Daniel Filan (00:41:53): Yeah, so a somewhat bad way you could do it would be to just assume that the actual entries of the matrix are random or maxent or something. I think that’s probably bad if you’re worried that the weights are somehow chosen adversarially or something. But if you randomly pick, suppose the final matrix is 8 by 16, or 8 by 8, whatever, and you’re like… Or actually, let’s suppose that it’s 6 by 6 for simplicity, and you randomly roll two dice and it comes up like 3 and 4. And you’re like, “Okay, I want row 3 column 4”. And so, you just figure out the bits of the matrices you have to dot product together to get row 3 column 4 of the final thing. And maybe the issue is just, if you have four matrices that you’re multiplying together, you have to fully multiply the middle two to get row 3 column 4 of the final one. But yeah, I’m imagining that the randomness is in you randomly pick what you look at rather than you’re assuming random distribution of the things.

Jason Gross (00:42:56): I think that might work. I haven’t spent the time to fully push through the details. You still need some way if you get these numbers for multiple different paths through the network and then you want to combine them, and you want to make some guess about the output. I could totally believe that just the most naive thing would work here. I just haven’t put in the time to chug through the details and see what bounds you get out by doing this.

Daniel Filan (00:43:25): Okay. Well I guess, maybe this is one of these times when listeners who like concentration inequalities or something can maybe push stuff forward here.

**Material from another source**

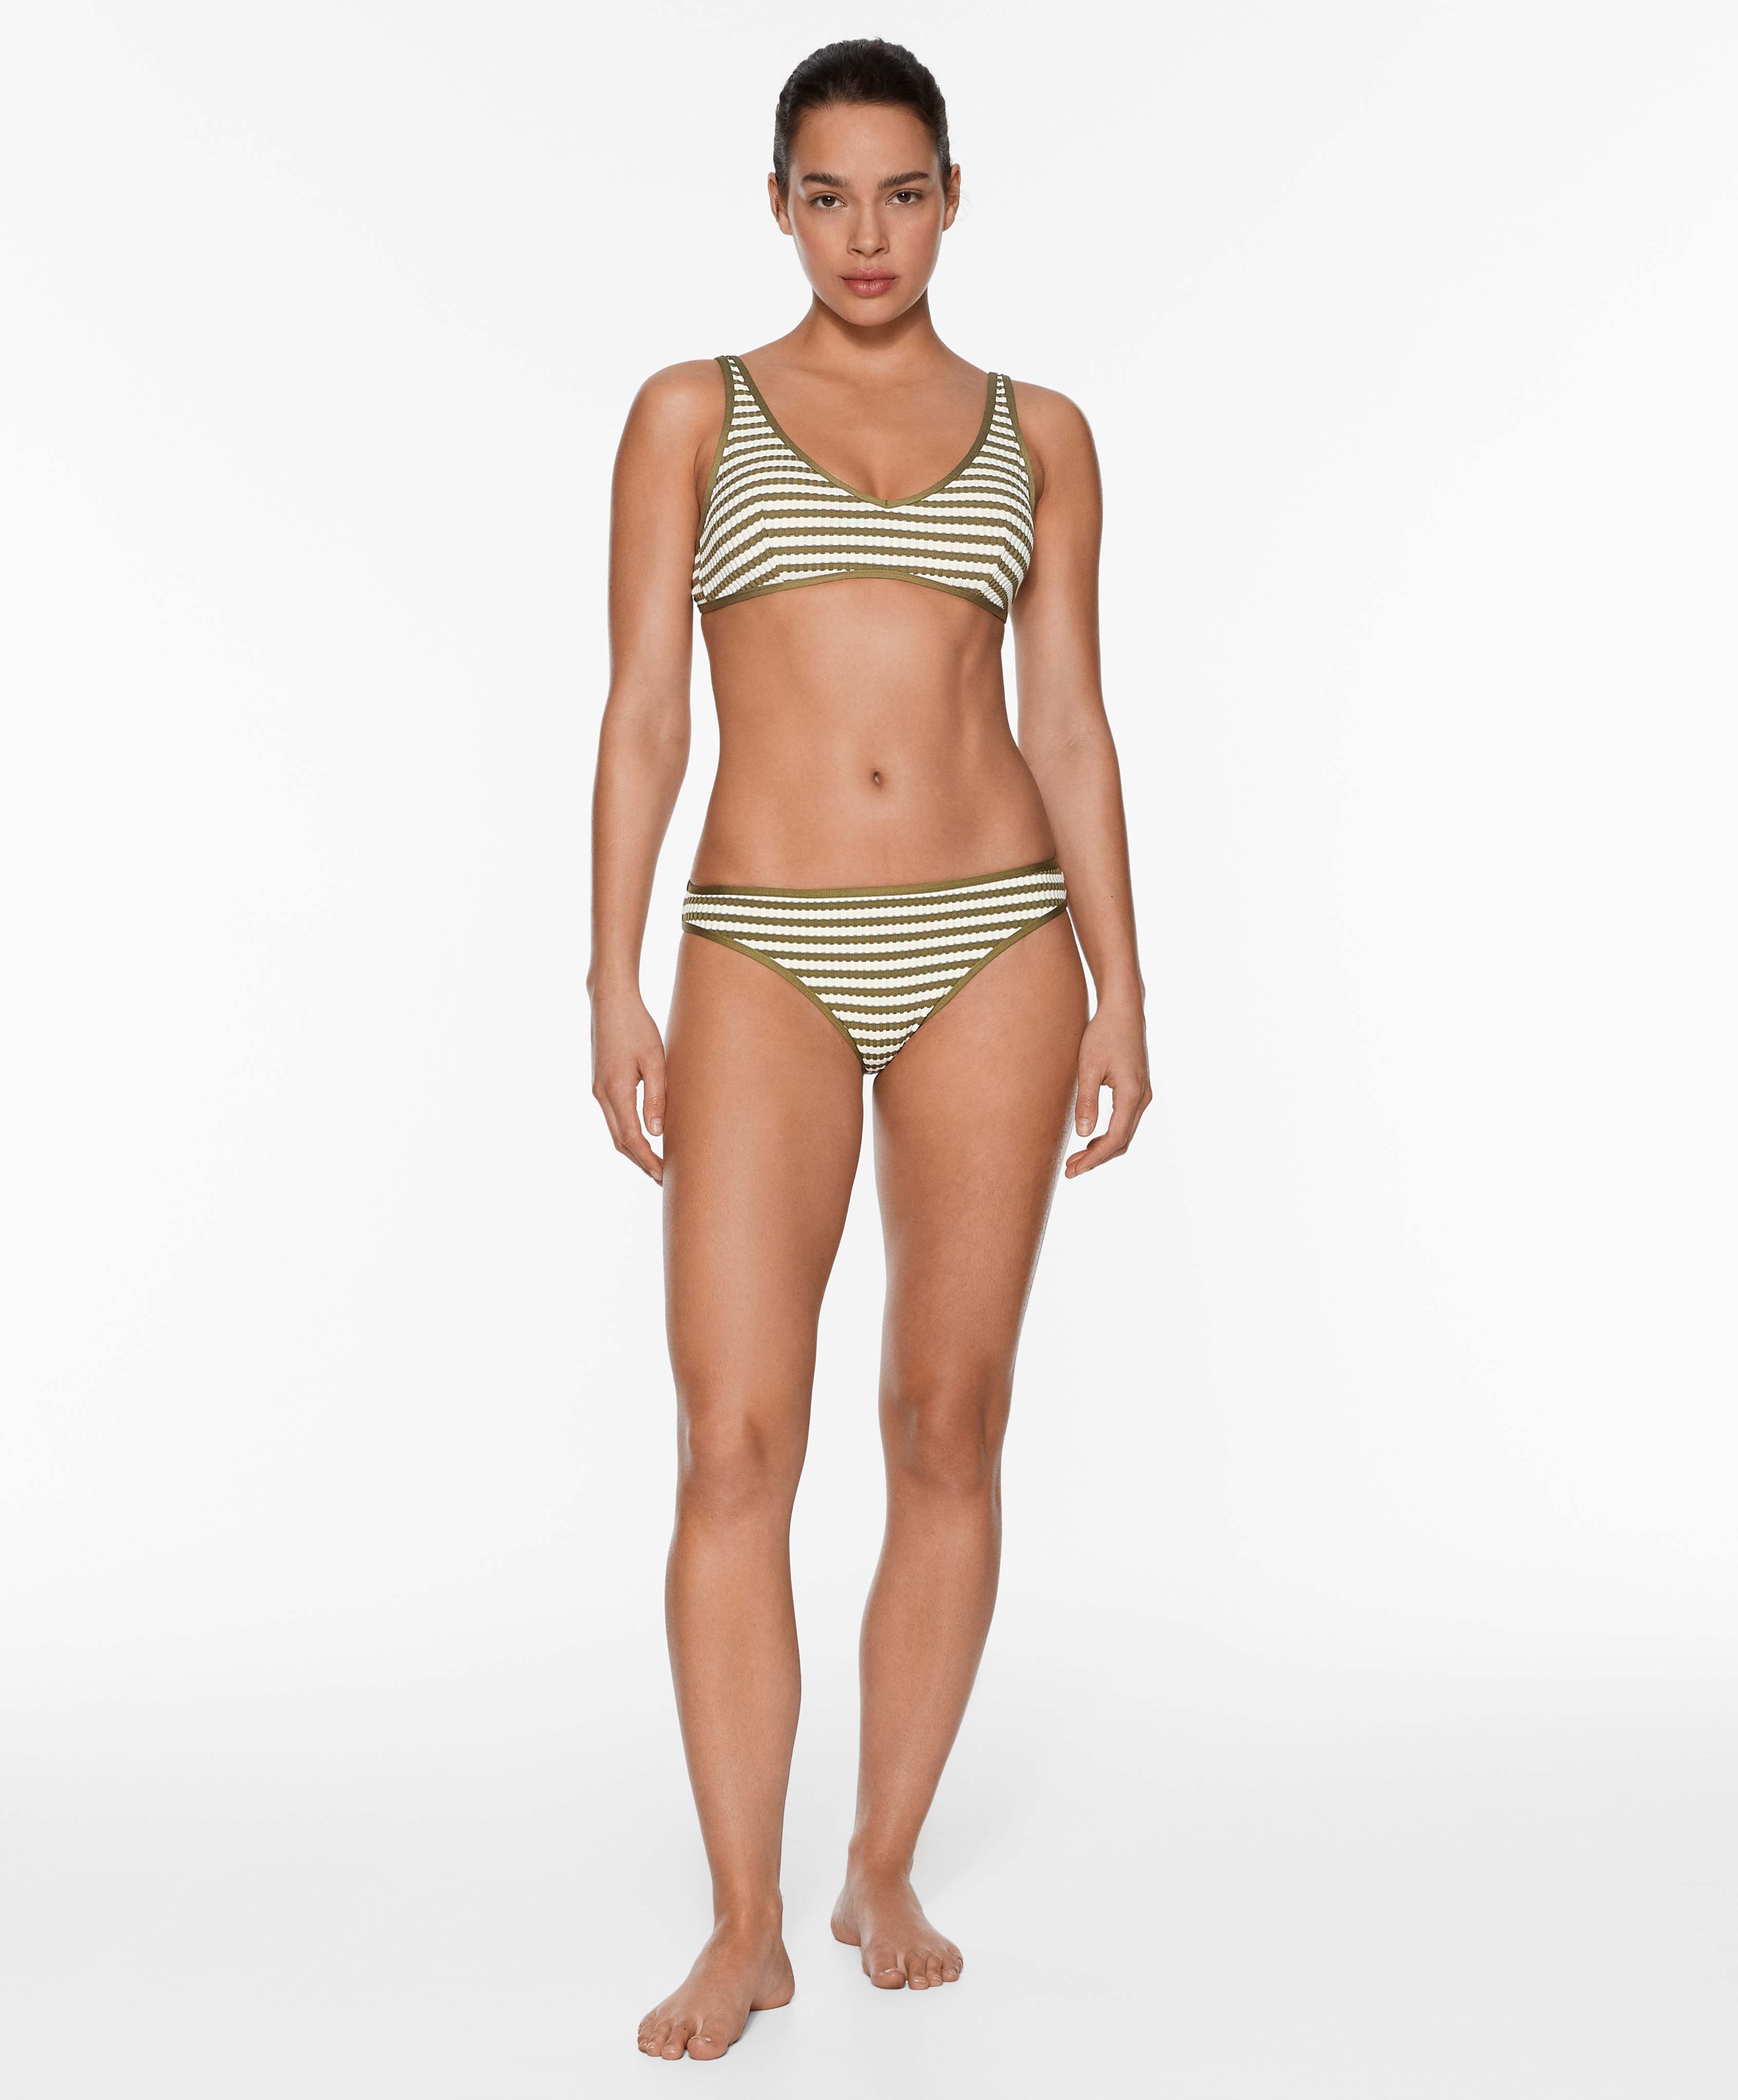 Gracias Oysho, por la nueva modelo de talla media realista de bikinis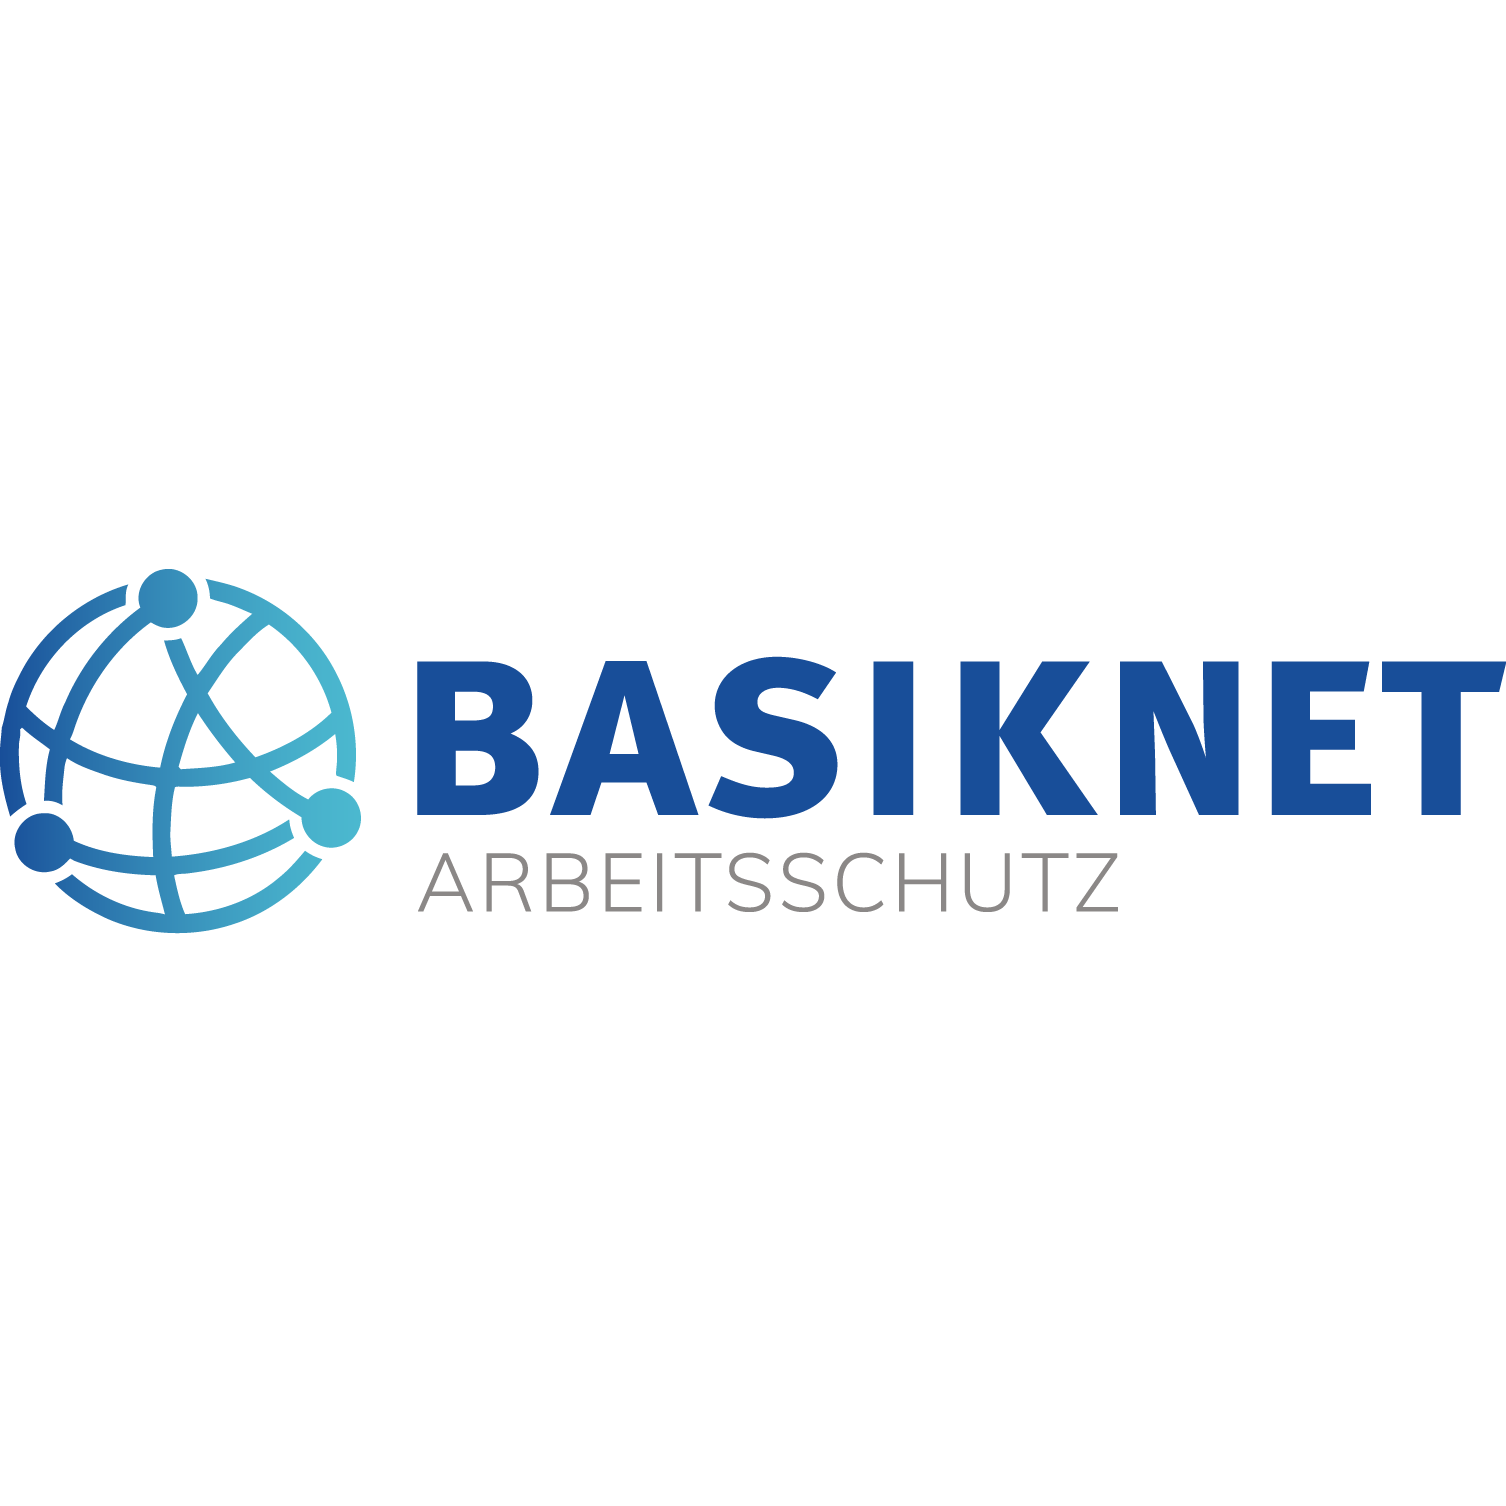 BASIKNET Gesellschaft für Arbeitsschutz mbH in Berlin

Jason Gross (00:43:35): I want to flag one more related thing that I’ve been thinking about for the past couple of minutes: that one of the subtleties that comes out of looking at compact proofs is that it matters what thing you’re trying to compress. So, here I’m saying, we might see something different potentially if we’re trying to compress a proof versus if we’re trying to compress this probabilistic computation.

(00:43:56): Another interesting subtlety is that the thing that we’re compressing is the proof and not the network itself. That is, we’re compressing the computational trace of running the network on every single data point, as opposed to just finding the shortest description length of the network itself. I think this is important and gives you a different sort of intuition about what the thing is that you’re doing and the way in which mechanistic interpretability is compression.

Daniel Filan (00:44:27): In what way is it different? Because it seems like in the compact proofs that we’ve described so far… so the crosscoders proof is basically you train a crosscoder and in some sense it’s much smaller than the network and your proof goes, let’s assume the crosscoder is the network and then let’s figure out the error term. And in the max of k thing you’re like, let’s assume this rank one or this rank two thing is the whole network, and then let’s figure out the error term. And of course, a rank one matrix for those who don’t know, it’s much more compressed than a big rank matrix, which is the generic case. So, how is it different compressing the proof versus compressing the model? Because it seems like you’re mostly compressing the model.

Jason Gross (00:45:09): Yeah, so you say that the crosscoder is smaller, but there’s some sense in which your number of features is a lot bigger than your hidden dimension. And you could imagine a transcoder-flavored thing where you take your network, you blow up the hidden dimension, and then you just train it sparsely. And this is a decompression of the network, but if you manage sparsity in the right way, it should still allow a compression of the computational trace because on each data point you have a lot less work to do even if the full size of your model is much larger.

Daniel Filan (00:45:43): I forgot how big sparse autoencoders are. And I guess this gets to the point about compressing the proof length versus finding the proof. Just because if you actually think about theoretically how hard it should be to train sparse autoencoders, it’s very hard. Or you have this thing that’s a comparable number of parameters to the base network. You might think that you need a comparable number of data points as the base network. And now apparently that’s not true. Apparently you can train them on comparatively less and that’s why it’s much easier to train a SAE on some big model than it was to train the big model, but still.

Jason Gross (00:46:22): I would naively guess, and I am speaking without that much experience here, but I would naively guess that that’s about how deep they are as opposed to how difficult the thing is to learn. In some sense we’re training a very wide, shallow network, and you might imagine that this requires fewer data points to get comparable training loss because you have so many parameters than if you wanted a more compact network.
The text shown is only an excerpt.